===== SUPPLIED MATERIAL =====

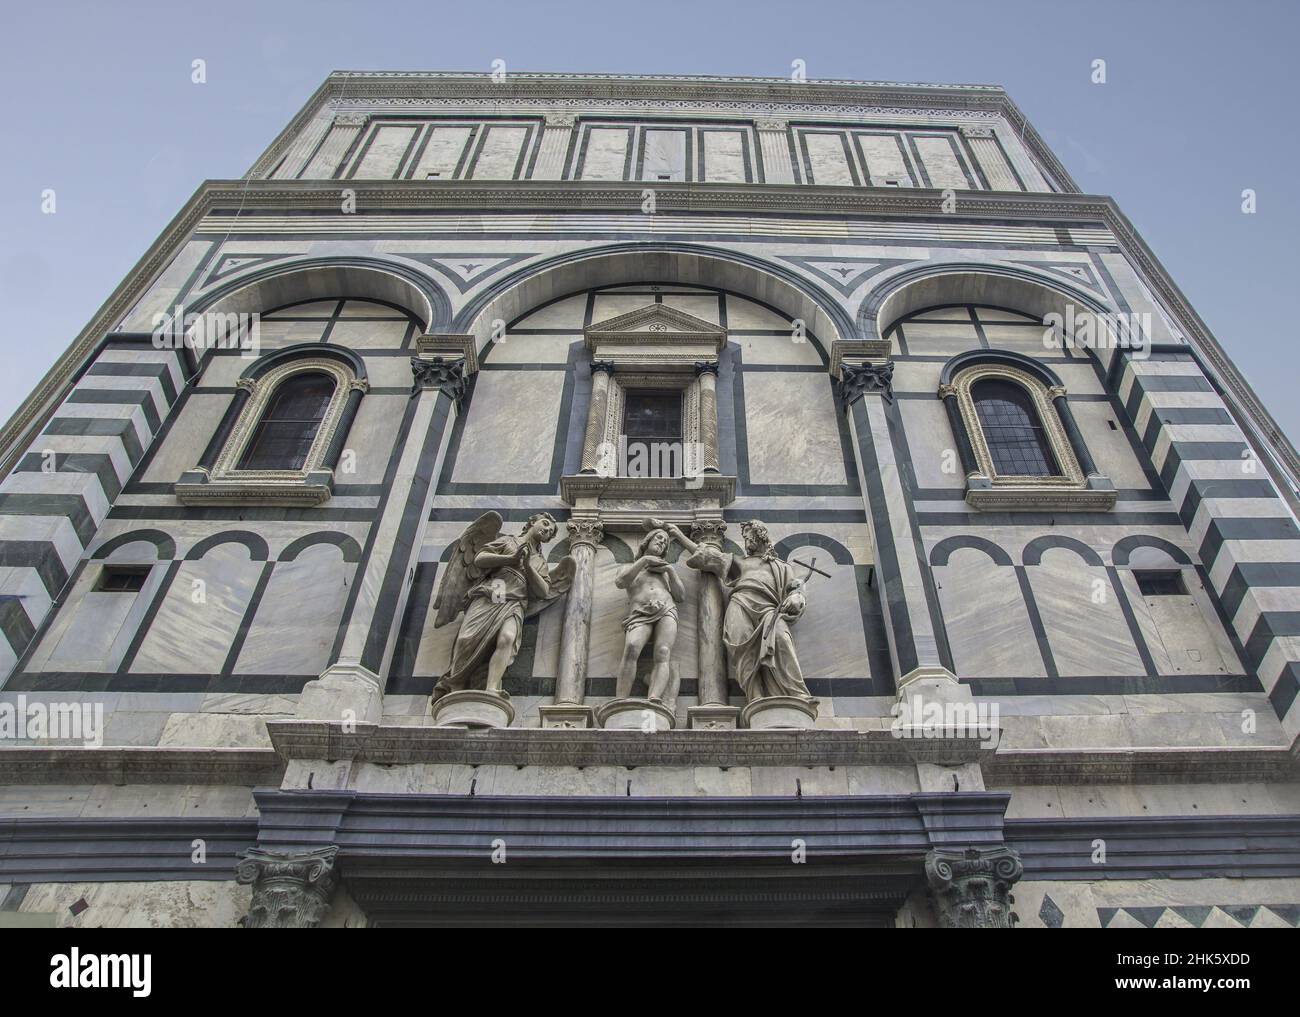 Jesus baptism scene, statues on the facade of Santa Maria del Fiore. Stock Photo
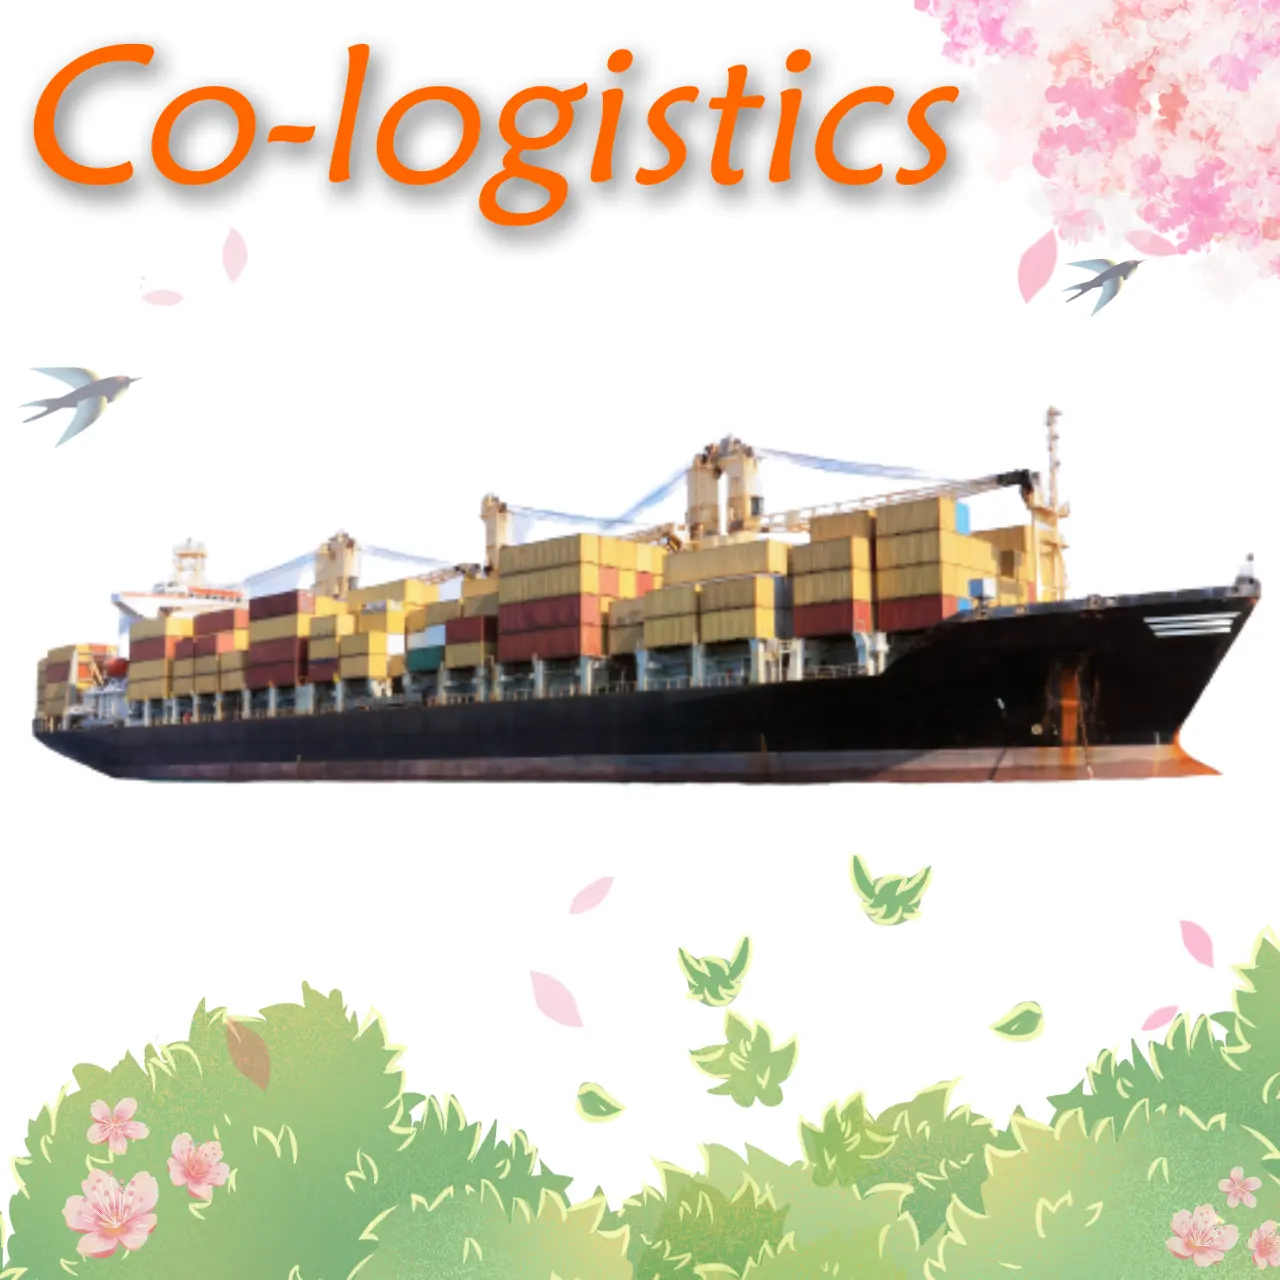 Contenedor FCL y LCL, envío desde los puertos de Shenehzn, Dong, Shanghai, Ningbó, a Canadá, EE. UU., envío marítimo barato
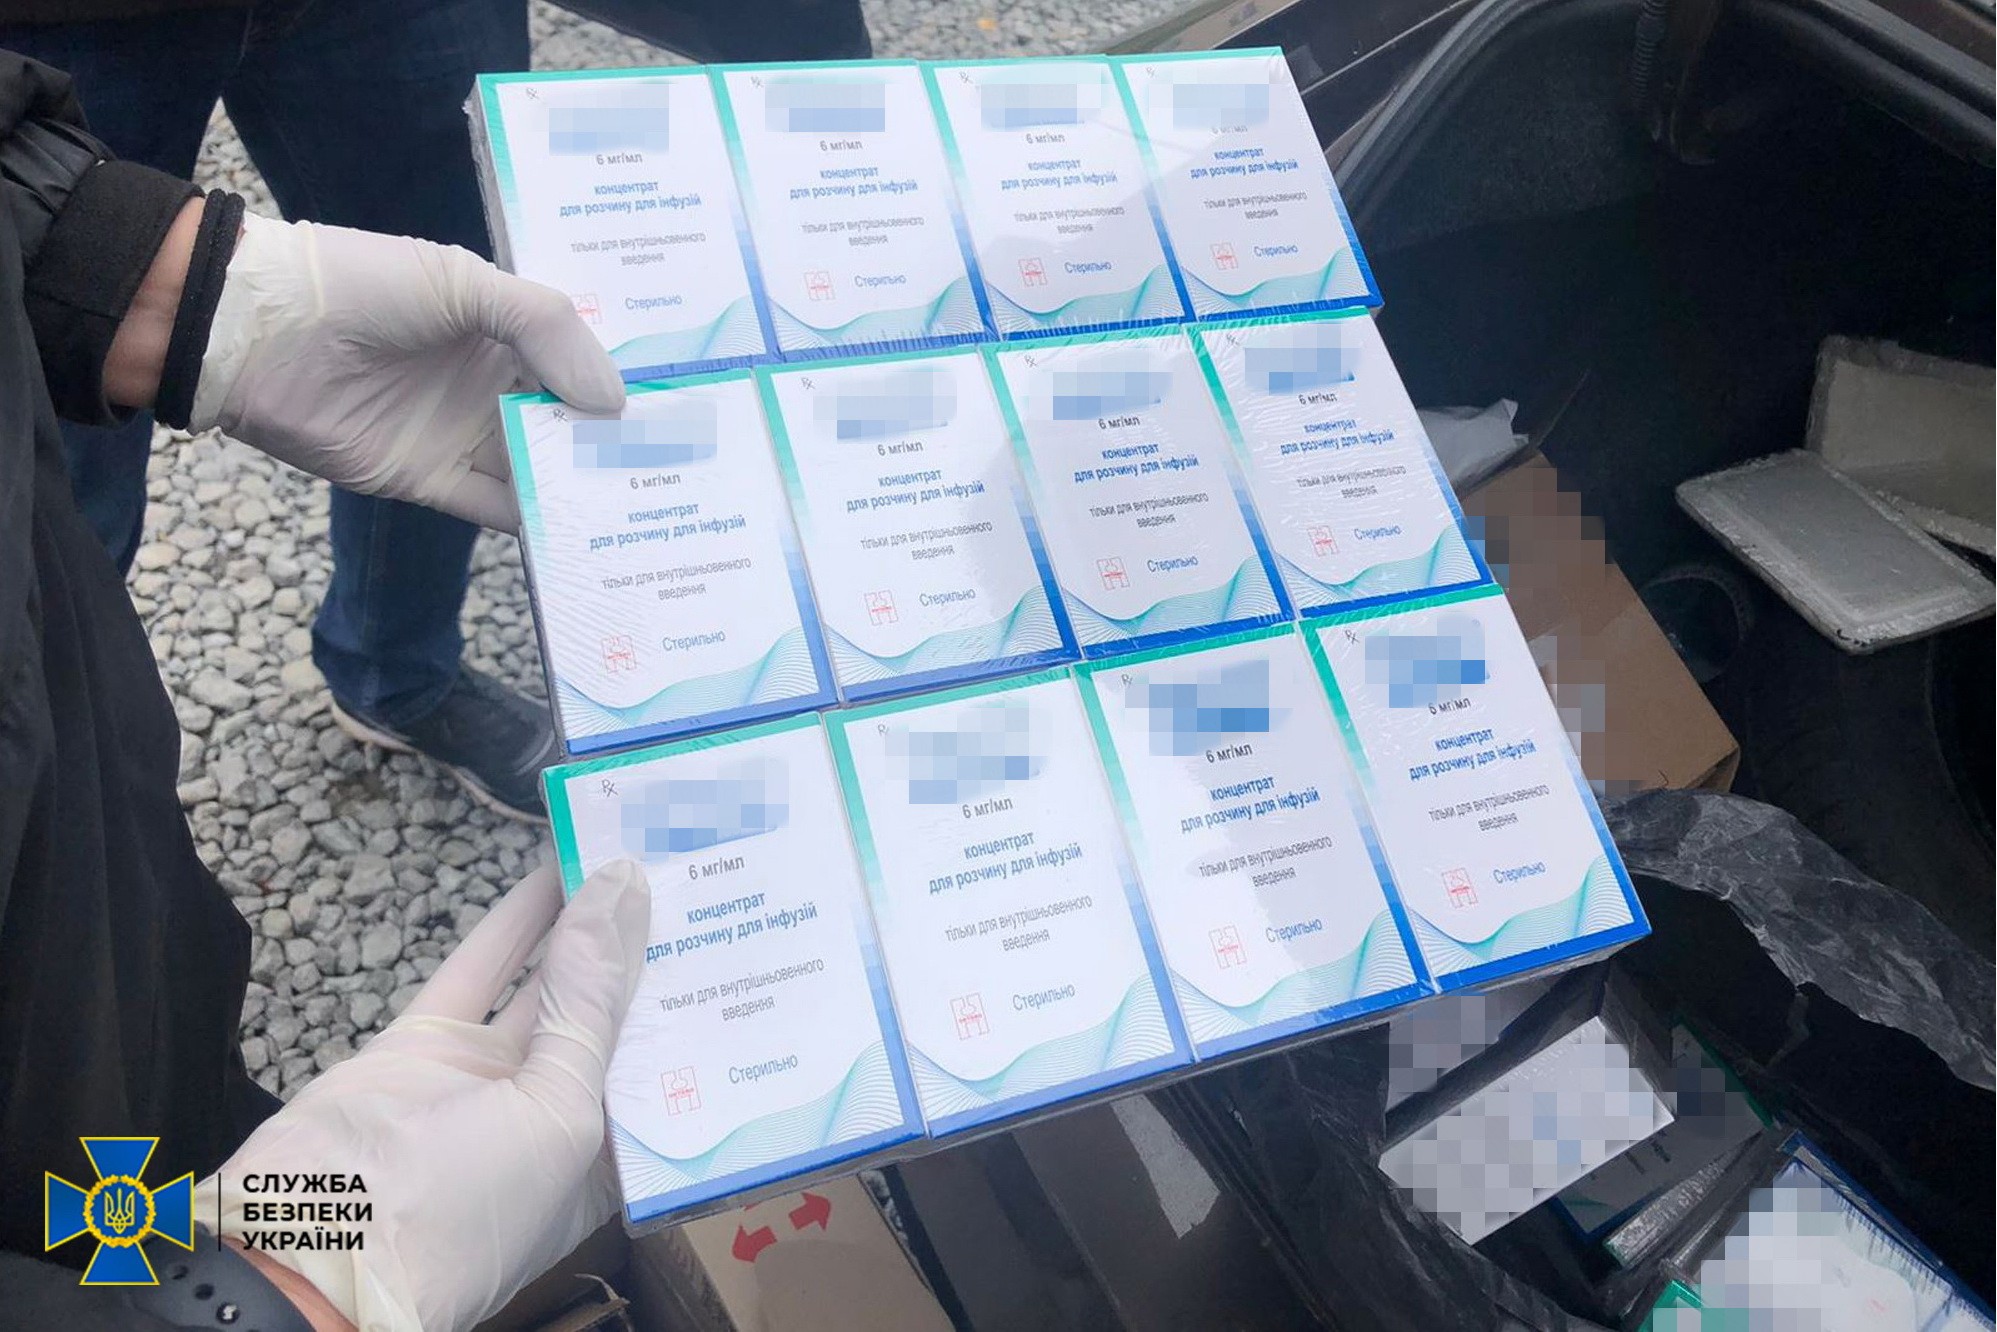 СБУ: Медики Житомирского онкодиспансера заставляли пациентов покупать бесплатные лекарства

=====

**TASK PROMPT**
Leave the pictures out and copy exactly the lines from the one that holds "Contenedor FCL y" through the last line of the material.

**OUTPUT OF THE TASK**
 Contenedor FCL y LCL, envío desde los puertos de Shenehzn, Dong, Shanghai, Ningbó, a Canadá, EE. UU., envío marítimo barato
 СБУ: Медики Житомирского онкодиспансера заставляли пациентов покупать бесплатные лекарства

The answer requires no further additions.